Das Polizei-Bataillon 309 war eine militärische Einheit der NS-Ordnungspolizei im Zweiten Weltkrieg. Das Bataillon war aktiv am Holocaust beteiligt. Es ist insbesondere verantwortlich für ein Massaker an Juden in Białystok am 27. Juni 1941, bei dem 2000 bis 2200 Menschen getötet wurden.[1]

Inhaltsverzeichnis

Geschichte

Polizei-Bataillon 309

Mit Runderlass des Reichsführers SS und Chef der deutschen Polizei, Heinrich Himmler, vom 11. Oktober 1939 sollten zur Sicherstellung des Bedarfes an Polizeikräften in den von der Wehrmacht besetzten Gebieten 26.000 ungediente wehrpflichtige und Angehörige älterer Geburtsjahrgänge als Polizeirekruten angeworben werden. Zu Ausbildungszwecken wurden insgesamt 38 Polizei-Ausbildungs-Bataillone geschaffen, in denen die Rekruten nach Jahrgängen getrennt aufgenommen wurden. Die Rekruten der späteren Polizei-Bataillone 301 bis 325 entstammten den älteren Jahrgängen 1909 bis 1912. Sie wurden als so genannte „Wachtmeisterbataillone“ bezeichnet. Die Führungspositionen in den Bataillonen wurden meist durch Berufspolizisten besetzt, welche die Rekruten ausbildeten. Den Rekruten wurden die Befreiung vom Wehrdienst und rasche Aufstiegsmöglichkeiten versprochen.[2]

Das Polizei-Bataillon 309 wurde am 19. September 1940 aus dem Polizei-Ausbildungs-Bataillon „A“ in Köln gebildet. Am 23. September 1940 wurde das Bataillon nach Radom in das damalige Generalgouvernement verlegt. In Radom war es zwischen Oktober 1940 und Mai 1941 für die Bewachung des dortigen Ghettos eingesetzt.[3]

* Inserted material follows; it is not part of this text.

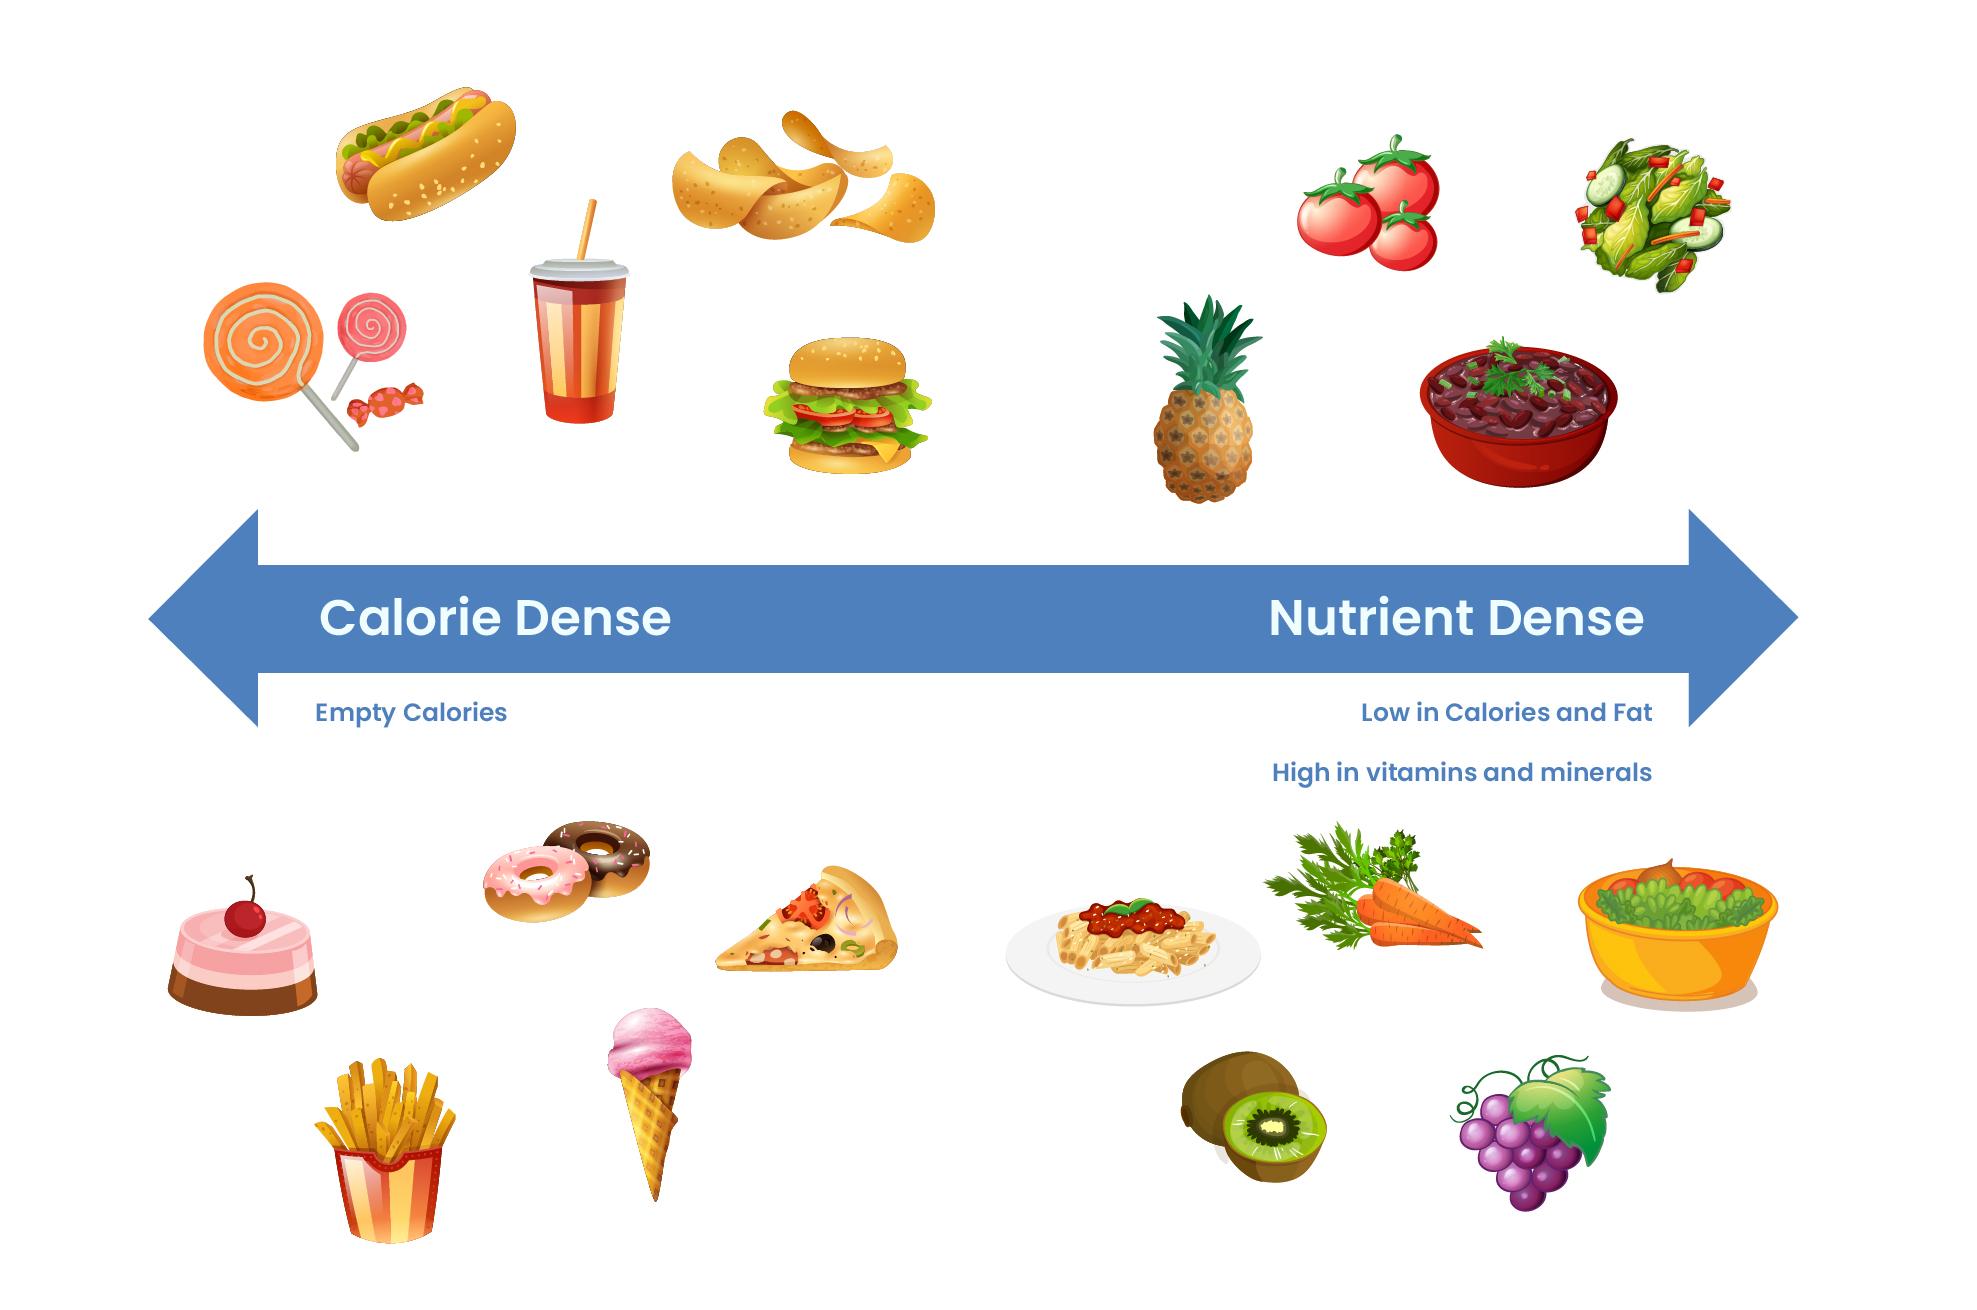 Food Spectrum: Calorie Dense VS Nutrient Dense Foods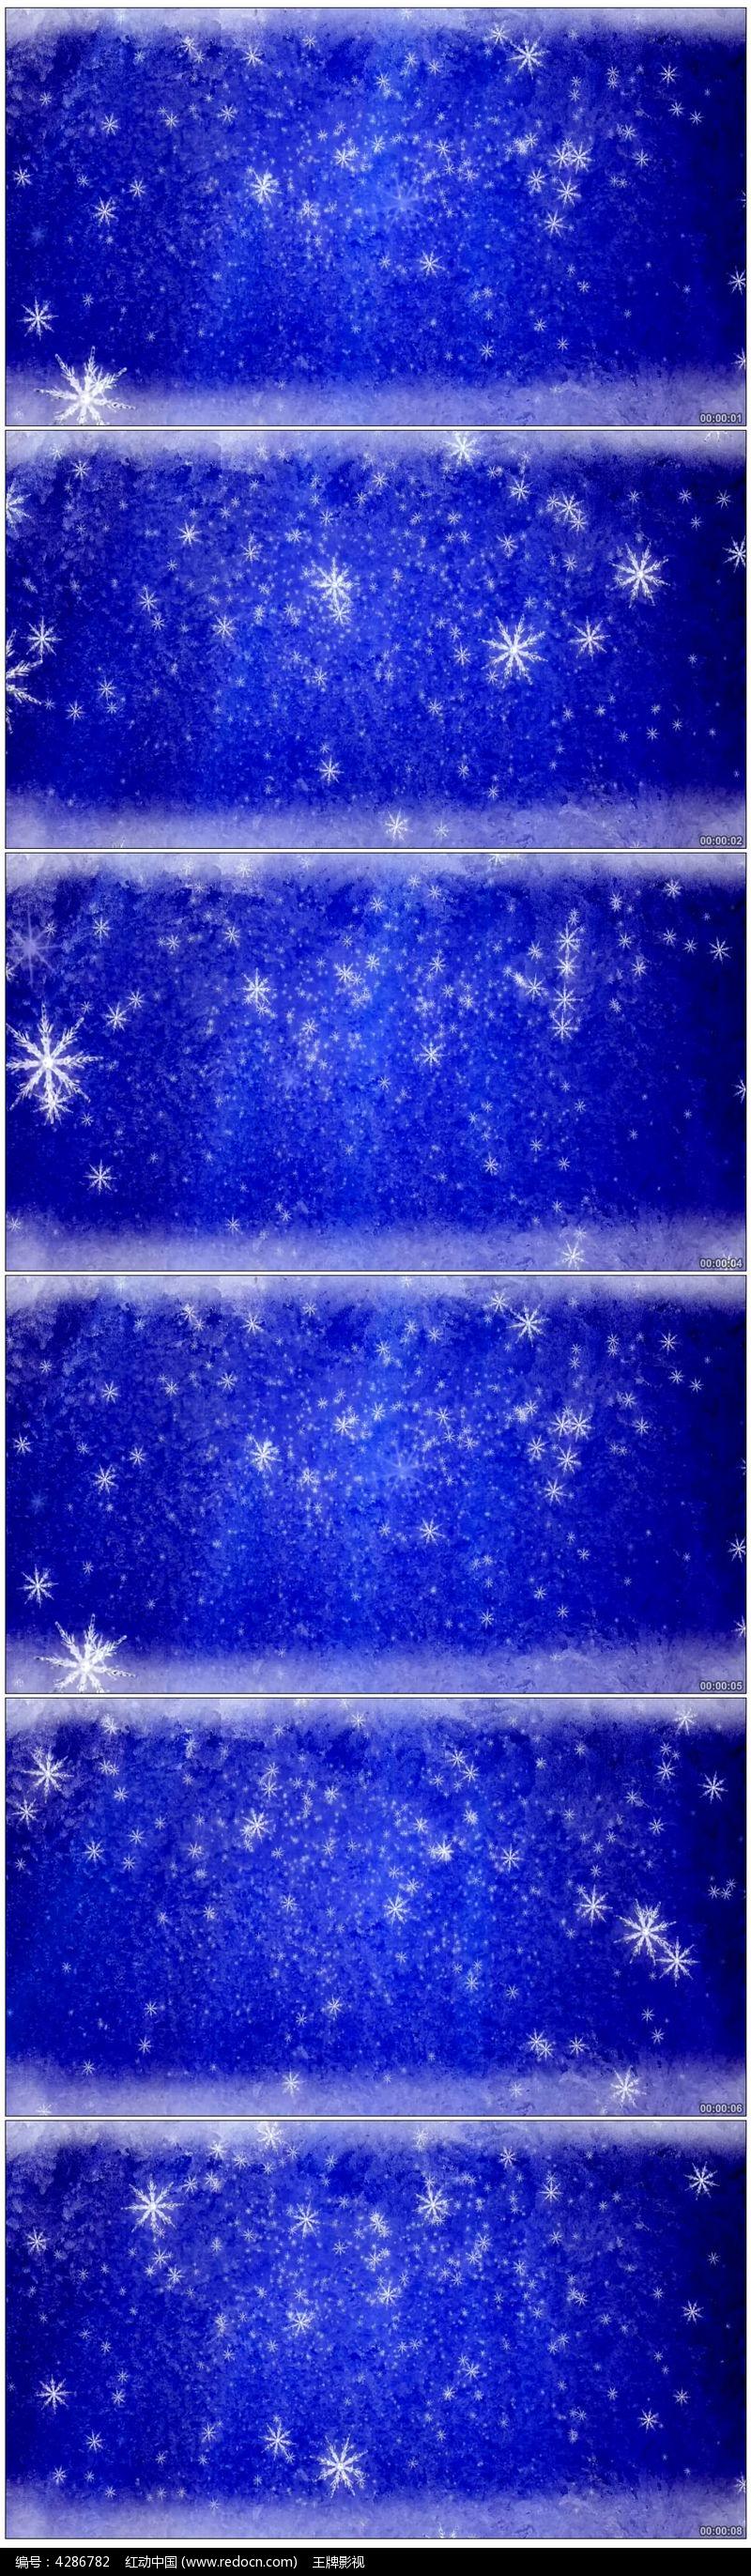 蓝色动态背景雪花飘落视频图片

Nach Ostrolenka in Masowien erfolgte die Verlegung gegen Ende Mai 1941 in Vorbereitung des Überfalls auf die Sowjetunion. Bereits am 27. Juni 1941 rückten die Truppen des Polizei-Bataillons 309 in Białystok ein. Zu diesem Zeitpunkt war das Bataillon der 221. Sicherungs-Division unterstellt. Auf Befehl des Bataillonskommandeurs, Major Ernst Weis, wurde das jüdische Viertel der Stadt durchsucht, um alle jüdischen Männer festzunehmen. Zunächst wurden die Juden auf dem Marktplatz zusammengetrieben. Dabei kam es zu Demütigungen und ersten Erschießungen. Während ein Teil der Juden zu einem Park gebracht und dort gruppenweise hingerichtet wurde, befahl man einen anderen Teil in die Synagoge. Nachdem sich in der Synagoge 700 bis 800 Juden versammelt hatten, wurde das Gebäude angezündet. Flüchtende wurden erschossen. Das Feuer griff von der Synagoge auf das jüdische Viertel über, in dessen Flammen weitere 1.000 Menschen starben. Insgesamt fielen etwa 2.000 bis 2.200 Juden dem Polizei-Bataillon 309 zum Opfer. Am nächsten Tag wurden 30 Wagenladungen mit Leichen zu einem Massengrab transportiert.[4]

Sodann tauchte das Bataillon am 8. Juli 1941 im Gebiet um Białowieża auf, wo es bis 10. Juli 1941 hunderte Juden festnahm, die anschließend nach Hajnówka deportiert wurden. Das dort errichtete Gefangenenlager wurde in der ersten Hälfte des Juli 1941 vom Polizei-Bataillon 309 bewacht.[5]

Am 16. Juli 1941 wurden dem Bataillon Kommissare zur Erschießung übergeben.[6]

Anschließend wurde das Bataillon gegen versprengte Truppen in Slonim eingesetzt. Ab 24. Juli 1941 erfolgte der Einsatz im Raum Sluzk, danach in Babrujsk. Vom 12. bis 30. August 1941 war das Bataillon im Gebiet Smolensk zu einer „Befriedungsaktion“ eingesetzt. Eine unbekannte Anzahl an Menschen fielen hier den Maßnahmen zum Opfer.[7]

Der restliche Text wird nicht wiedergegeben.